DragText: Rethinking Text Embedding in Point-based Image Editing

TL;DR

DragText addresses the problem that static text embeddings hinder point-based diffusion editing by causing drag halting and semantic drift. It proposes a joint optimization framework that updates the text embedding in parallel with image dragging and includes a regularization term to preserve the original prompt, enabling seamless plug-and-play integration with diffusion-based drag methods. The approach yields consistent improvements in dragging accuracy and content preservation across methods, validated by qualitative results and metrics such as MD and the product LPIPS×MD, while also enabling controllable manipulation of both image and text embeddings. The work highlights the critical role of text image coupling in interactive editing and suggests broader implications for text-conditioned diffusion systems and prompt-aware editing pipelines.

Abstract

Point-based image editing enables accurate and flexible control through content dragging. However, the role of text embedding during the editing process has not been thoroughly investigated.

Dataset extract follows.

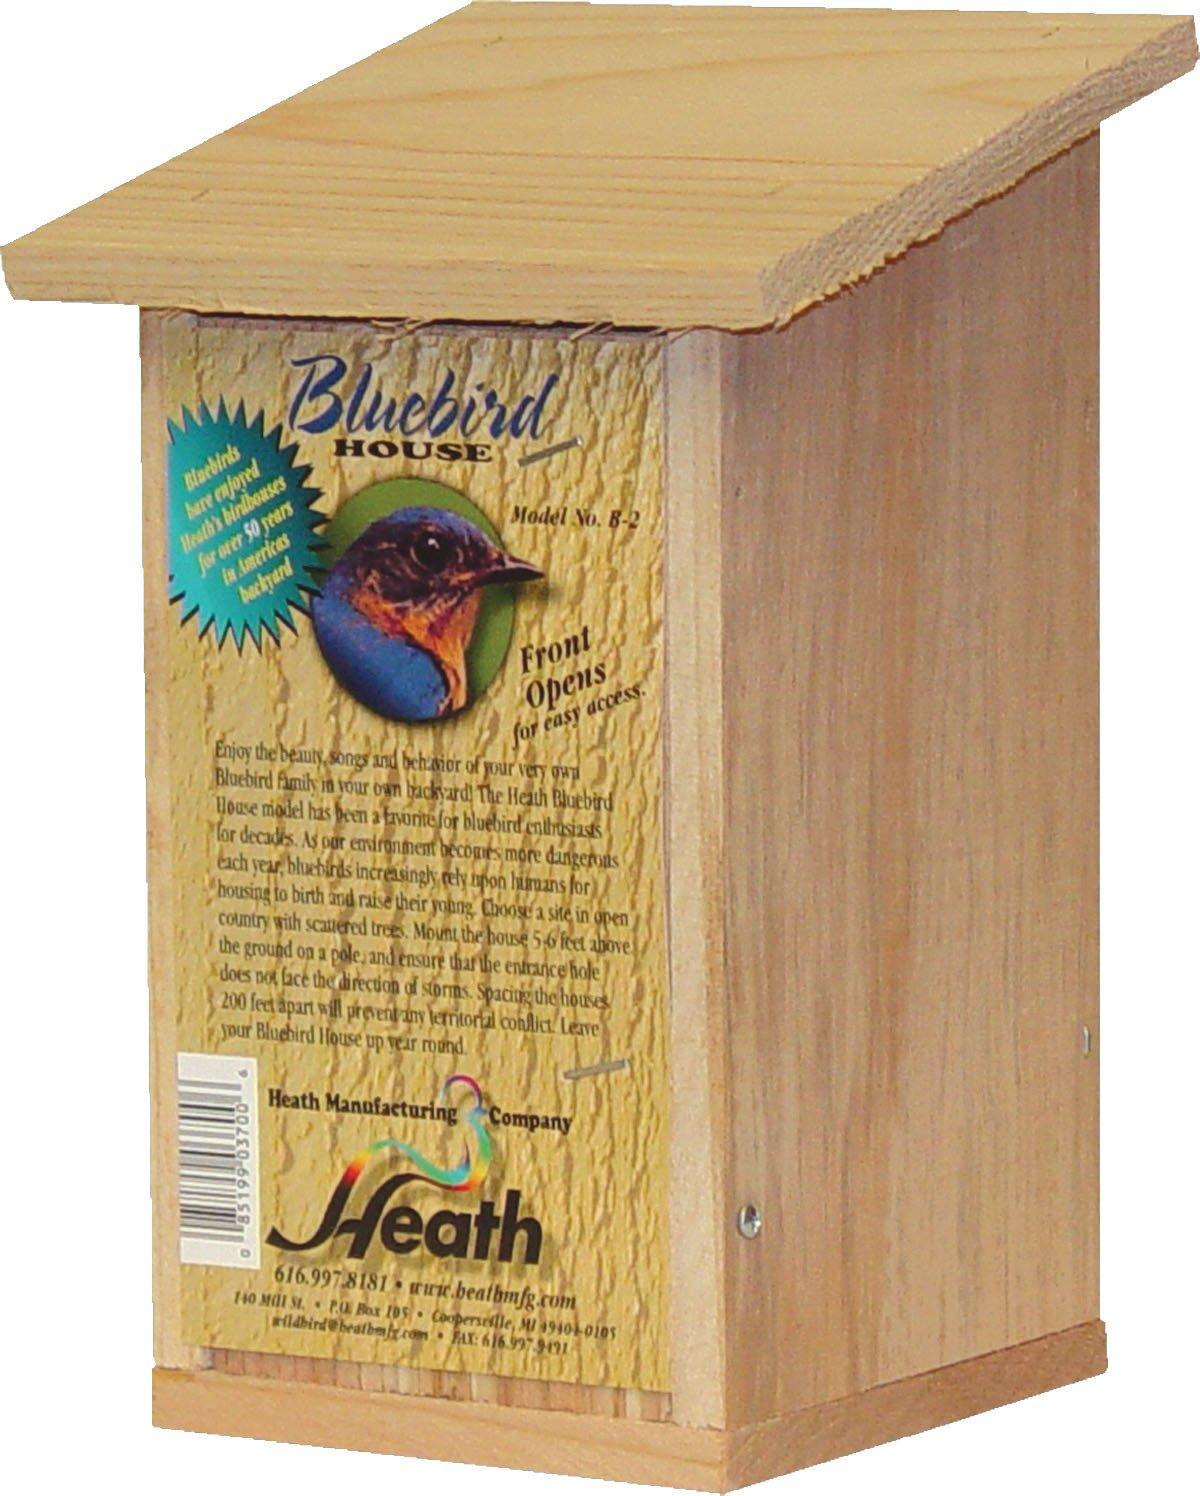 Heath Mfg Co P-Bluebird House- Brown | Products | Pinterest ...
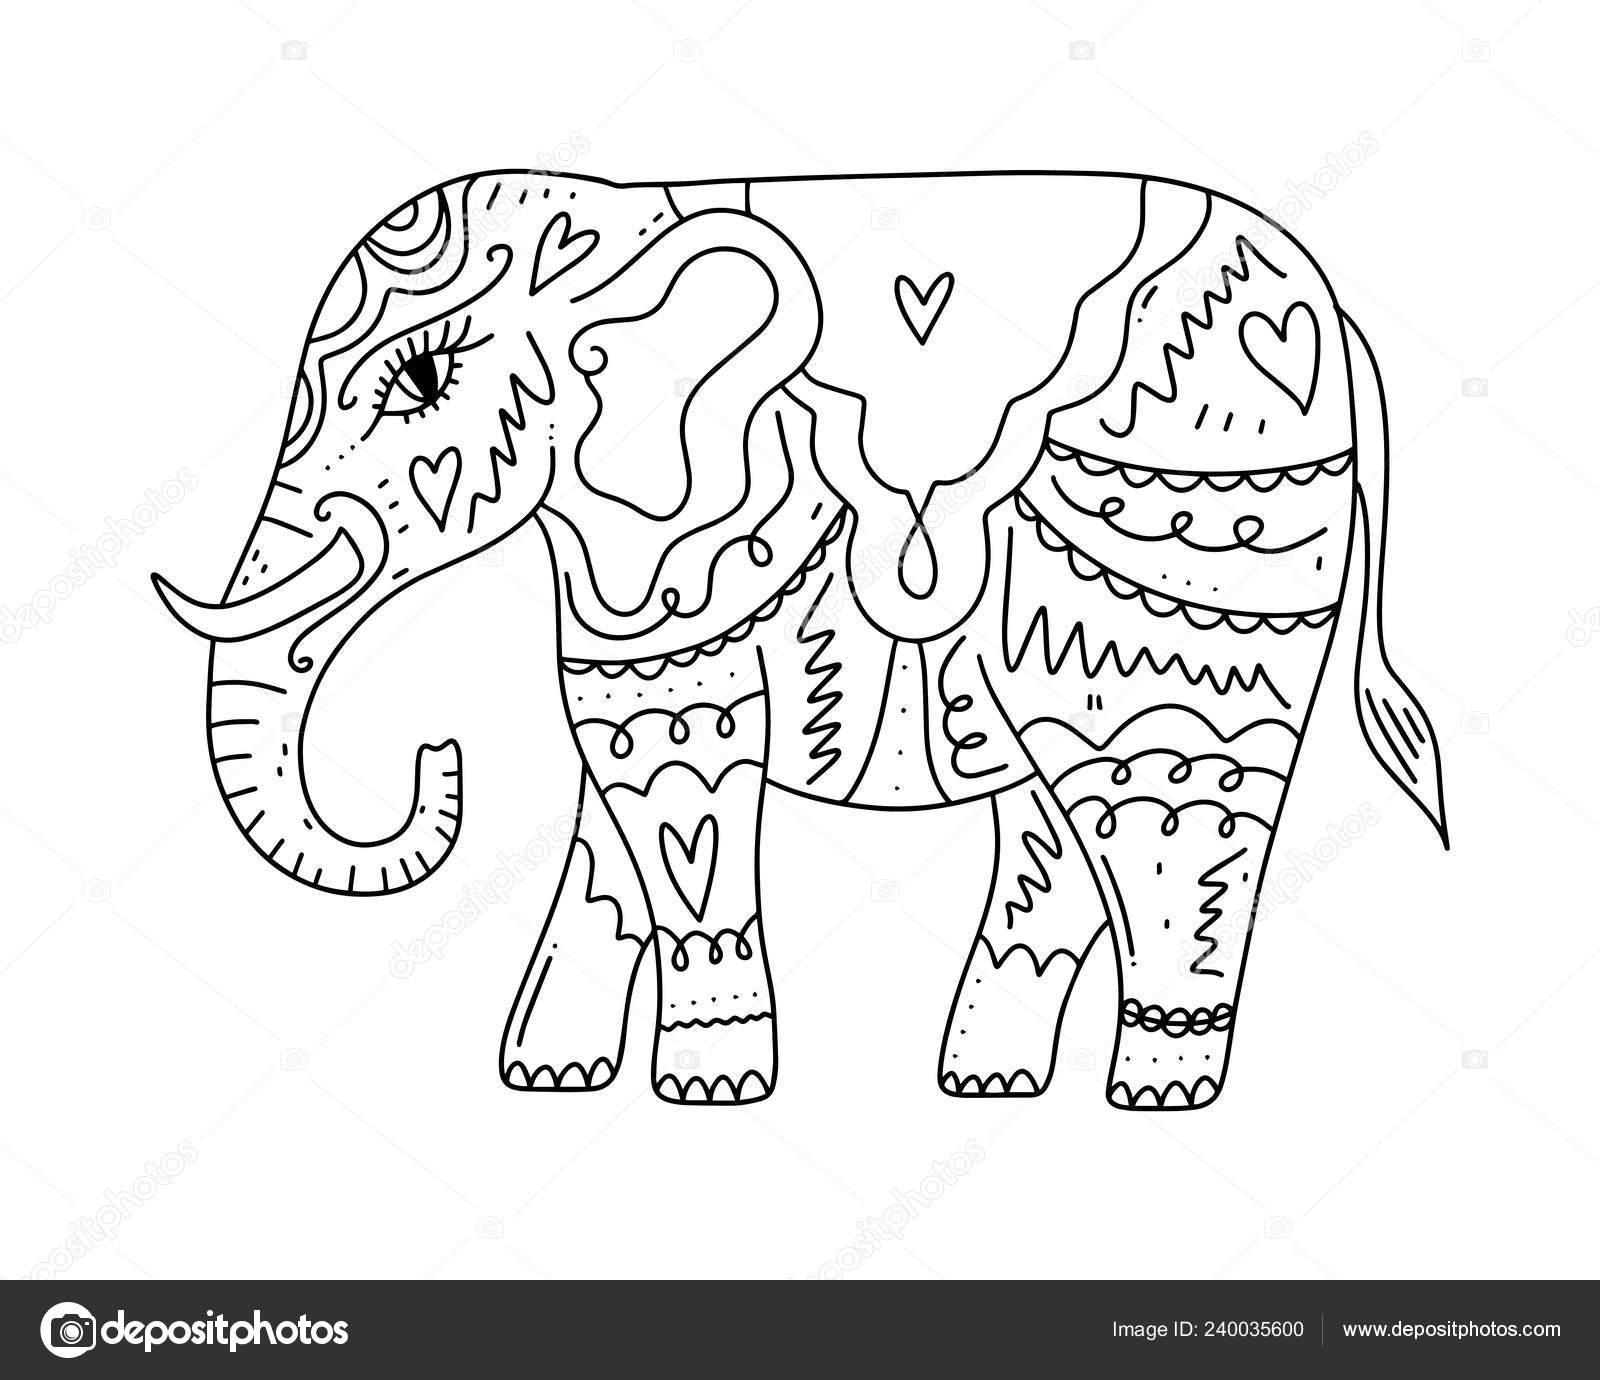 Kleurplaten Over Olifanten.Hand Getekende Boho Tribal Stijl Olifant Kleurplaat Boek

A significant aspect that remains unexplored is the interaction between text and image embeddings. During the progressive editing in a diffusion model, the text embedding remains constant. As the image embedding increasingly diverges from its initial state, the discrepancy between the image and text embeddings presents a significant challenge. In this study, we found that the text prompt significantly influences the dragging process, particularly in maintaining content integrity and achieving the desired manipulation. Upon these insights, we propose DragText, which optimizes text embedding in conjunction with the dragging process to pair with the modified image embedding. Simultaneously, we regularize the text optimization process to preserve the integrity of the original text prompt. Our approach can be seamlessly integrated with existing diffusion-based drag methods, enhancing performance with only a few lines of code.

Figures (18)

• Figure 1: In point-based image editing, a user first draws a mask on the image to define an editable region, then edits the image by "dragging" the contents from the user-defined handle points (red) to target points (blue). Our DragText stabilizes the process of point-based image editing through parallel image and text optimization, consistently improving an array of existing diffusion-based drag methods.
• Figure 2: Illustration of the drag editing process within the image and text embedding spaces of the diffusion model (DM). During editing, the original image embedding $\mathbf{z}_t$ naturally deviates to the dragged image latent vector $\mathbf{\bar{z}}_t$. Without text optimization, the corresponding text embedding $\mathbf{c}$ is decoupled from $\mathbf{\bar{z}}_t$, resulting in drag halting. Hence, optimal text embedding $\mathbf{\hat{c}}$ coupled with dragged images has to be acquired to make the optimal latent vector $\mathbf{\hat{z}}_t$ which then holds the related semantics via text.
• Figure 3: (a) Red boxes imply the consistent use of text prompts across diffusion processes, resulting in high-fidelity sampling. In contrast, other images result from inconsistent text prompt usage, leading to inaccurate sampling outcomes. (b) The original text prompt and its alternative intention text prompt, crafted from prompt engineering, are insufficient to prevent drag halting.
• Figure 4: The pipeline of DragText. The image $\mathbf{x}_0$ is encoded through a VAE encoder as the latent vector $\mathbf{z}$, and the text is encoded by a CLIP text encoder as the text embedding $\mathbf{c}$. Through DDIM inversion with $\mathbf{c}$, the latent vector $\mathbf{z}_t$ is obtained. At time step $t=35$, $\mathbf{z}^0_t$ and $\mathbf{c}$ are optimized to $\mathbf{\hat{z}}^k_t$ and $\mathbf{\hat{c}}$ by iterating with motion supervision (M.S.), text optimization, and point tracking (P.T.) $k$-times.
• Figure 5: Qualitative results of DragText. As demonstrated in the comparison of editing results with and without the application of DragText to the baseline model, DragDiffusion DragDiffusion integrating DragText demonstrates improved semantic control and precision in dragging.